§ TASK DESCRIPTION
Start at the line in the entries below that contains "Please note that", stop at the line that contains "Use them can", and output exactly the lines in that span, both ends included.

§ INFORMATION

########

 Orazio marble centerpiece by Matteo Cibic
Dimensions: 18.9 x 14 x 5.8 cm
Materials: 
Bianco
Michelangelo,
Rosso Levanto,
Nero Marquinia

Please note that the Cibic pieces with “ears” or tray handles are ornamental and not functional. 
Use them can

########

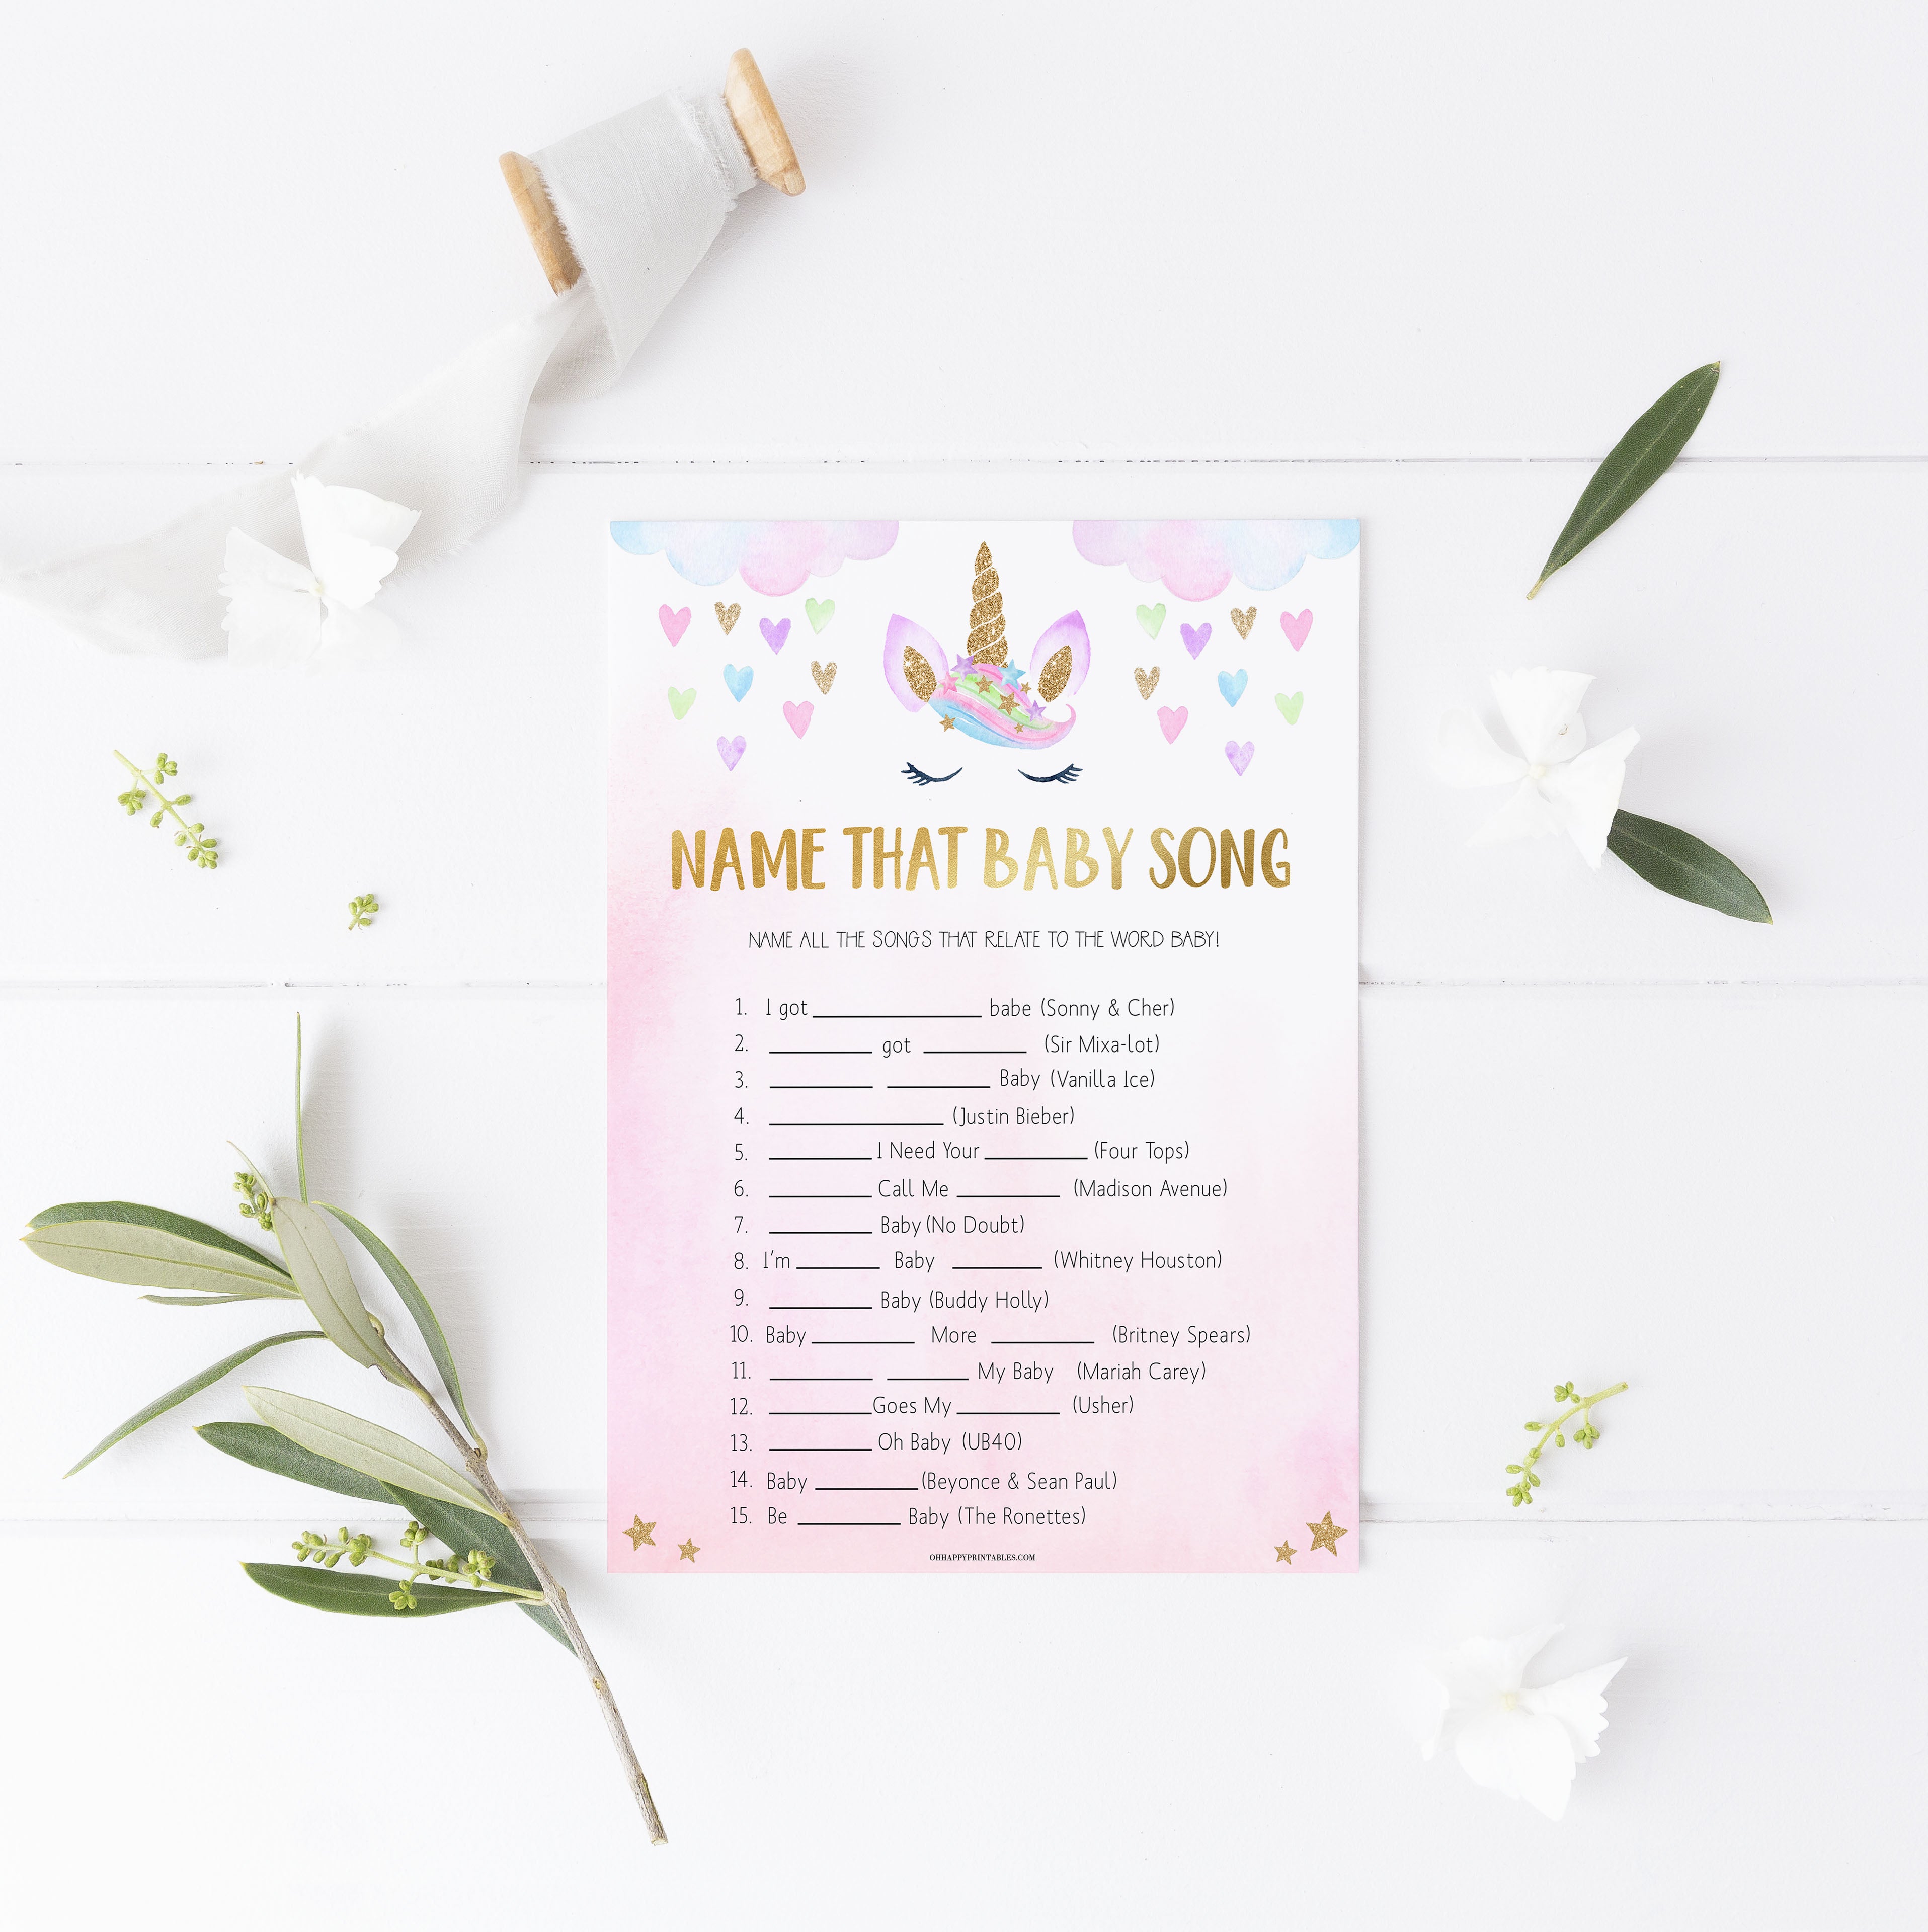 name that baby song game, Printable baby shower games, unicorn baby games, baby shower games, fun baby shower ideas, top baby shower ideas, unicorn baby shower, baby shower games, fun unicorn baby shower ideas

########

§ OUTPUT OF THE EXERCISE
Please note that the Cibic pieces with “ears” or tray handles are ornamental and not functional. 
Use them can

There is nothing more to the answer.